System.out.println("\n".length());  // 1

Java语言有以下转义字符：

Escape Sequence	Description
`\t`	Insert a tab in the text at this point.
`\b`	Insert a backspace in the text at this point.
`\n`	Insert a newline in the text at this point.
`\r`	Insert a carriage return in the text at this point.
`\f`	Insert a formfeed in the text at this point.
`\'`	Insert a single quote character in the text at this point.
`\"`	Insert a double quote character in the text at this point.
`\\`	Insert a backslash character in the text at this point.

其他语言里也有类似的转义字符。

另外java中还有一类转义字符，和前面列的转义字符不同，这些转义字符是预编译的（在编译之前已经被替换为正常字符了）。

这样的转义字符有两类：

\u{0000-FFFF}  /* Unicode [Basic Multilingual Plane only, see below] hex value 
                  does not handle unicode values higher than 0xFFFF (65535),
                  the high surrogate has to be separate: \uD852\uDF62
                  Four hex characters only (no variable width) */
                  
\{0-377}       /* \u0000 to \u00ff: from octal value 
                  1 to 3 octal digits (variable width) */

其中

\u和其后面的4个字符（有效的16进制数字[0-9a-fA-F]）表示一个16进制的unicode值；
\和其后面的1-3个字符（范围为{0-377}的8进制有效数字）表示一个8进制的unicode值。

我们看几个例子：

public static void main(String[] args) throws Exception {
  System.out.println("\u0031"); // 1
  System.out.println("\u4E2D"); // 中
  System.out.println("\100");   // @
  System.out.println("\376");   // þ
  System.out.println("\0771");  // ?1
  System.out.println("\779");   // ?9
  System.out.println("\12A");   // 相当于打印"\nA"
}

输出结果：

1
中
@
þ
?1
?9

A

python

python中的转义字符表：

Escape Sequence	Meaning
`\newline`	Backslash and newline ignored
`\\`	Backslash (`\`)
`\'`	Single quote (`'`)
`\"`	Double quote (`"`)
`\a`	ASCII Bell (`BEL`)
`\b`	ASCII Backspace (`BS`)
`\f`	ASCII Formfeed (`FF`)
`\n`	ASCII Linefeed (`LF`)
`\r`	ASCII Carriage Return (`CR`)
`\t`	ASCII Horizontal Tab (`TAB`)
`\v`	ASCII Vertical Tab (`VT`)
`\ooo`	Character with octal value ooo
`\xhh`	Character with hex value hh

以下转义字符只能在表示（unicode）字符串的时候起作用：

Escape Sequence	Description
`\N{name}`	Character named name in the Unicode database
`\uxxxx`	Character with 16-bit hex value xxxx. Exactly four hexadecimal digits are required.
`\Uxxxxxxxx`	Character with 32-bit hex value xxxxxxxx. Exactly eight hexadecimal digits are required.

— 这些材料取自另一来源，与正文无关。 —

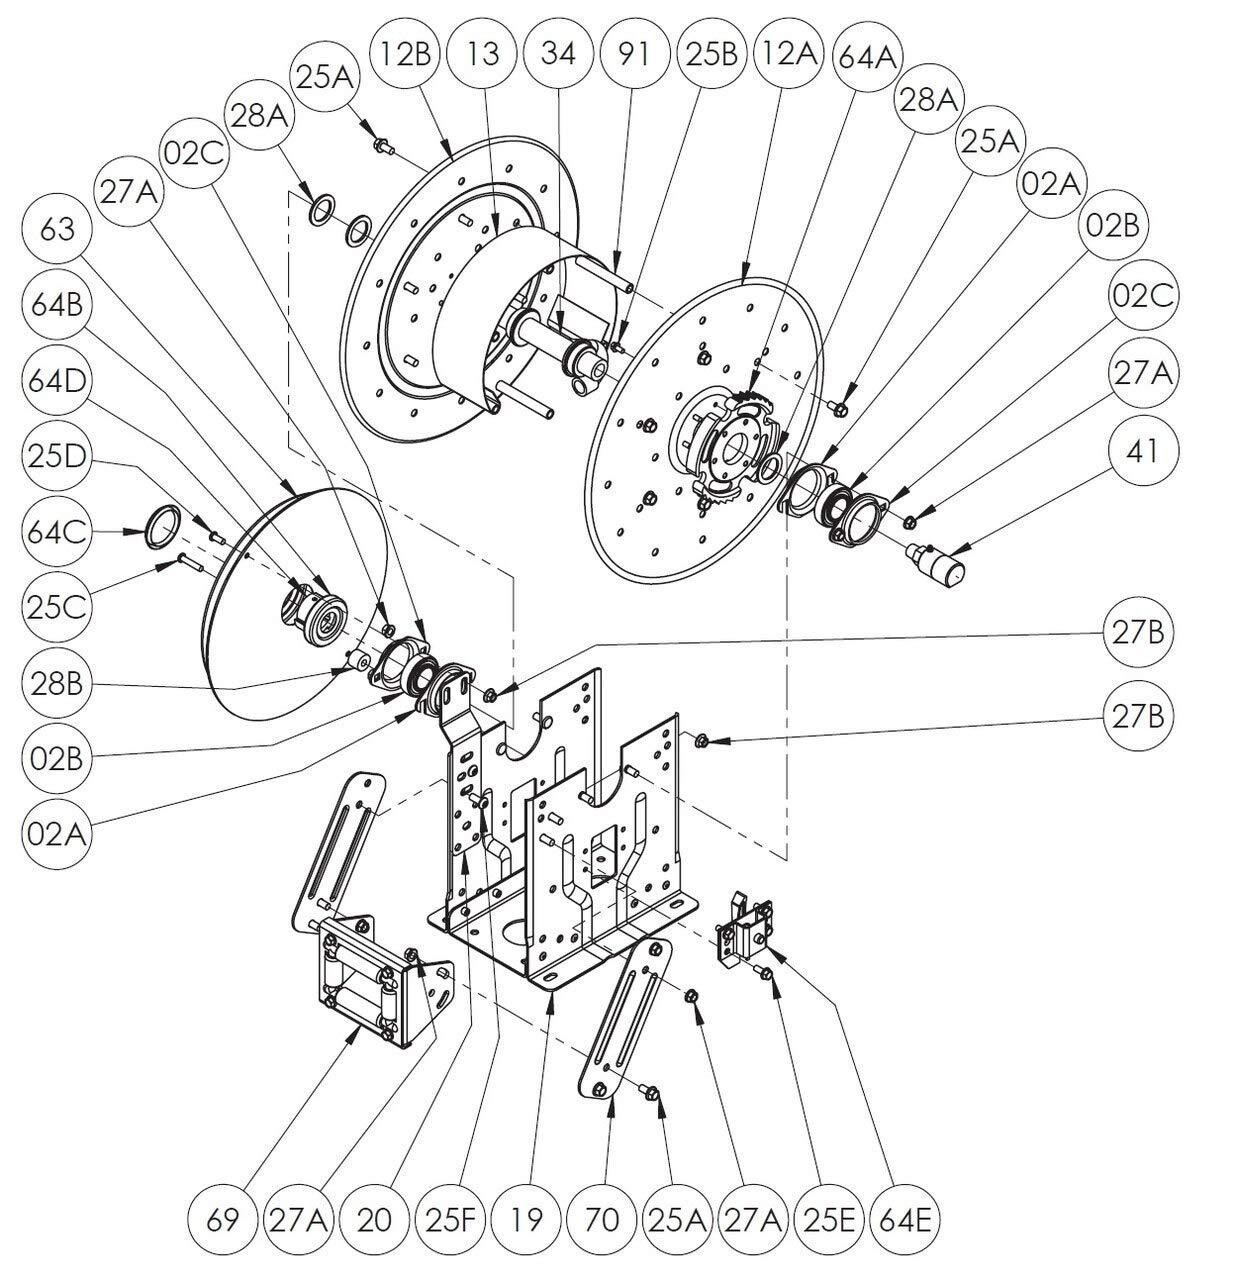 All 64E DEF Series Spring Rewind Reel Parts Ratchet Lock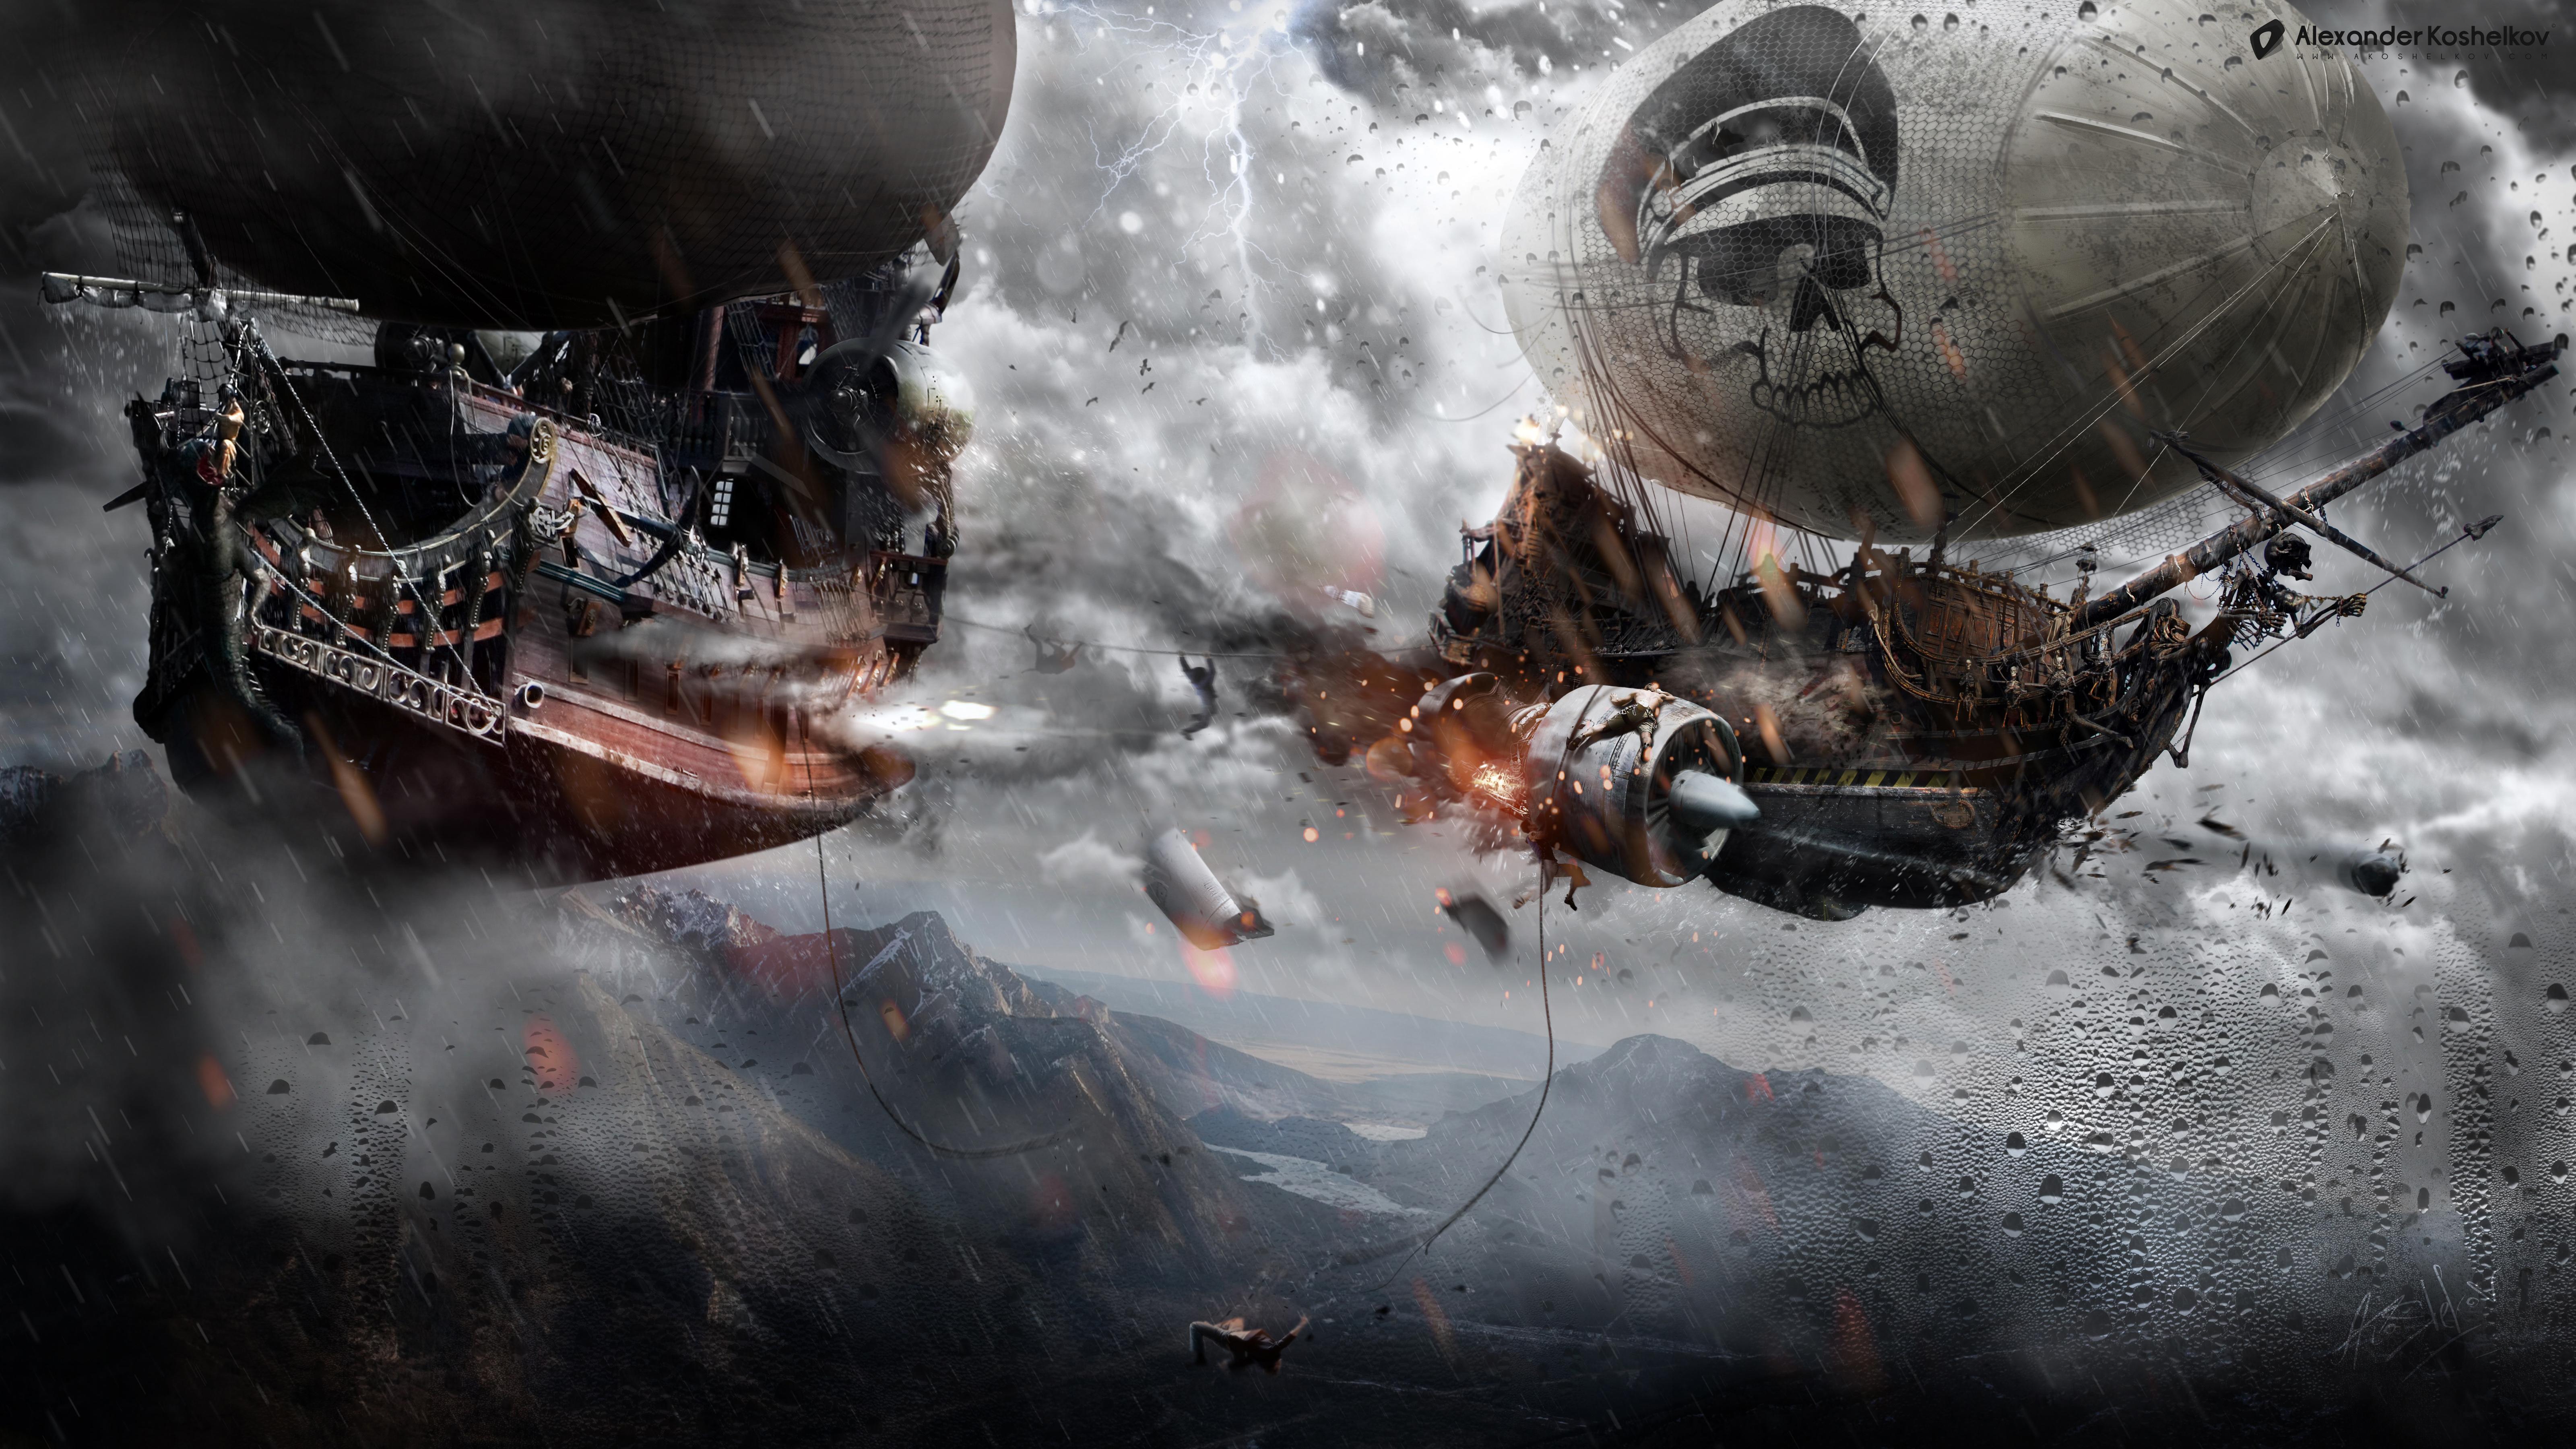 Airship Of Doom

注意：在unicode字符串里\ooo和\xhh都表示一个unicode值，也就是说：u'\x10\10'和u'\u0010\u0008'等效，若想表示U+1008（HTML代码ဈ字符：ဈ），用u'\u1008'。

python和java不同的地方在于：

python中多了几种转义，如：

\x{00-FF}  # \x和其后面的2个字符（有效的16进制数字[0-9a-fA-F]）表示一个16进制的值。

python中\ooo这中8进制转义形式，能表示的范围为{0-777}。
对于超过0xFFFF的unicode值（辅助平面），python和Java表示方法也有不同。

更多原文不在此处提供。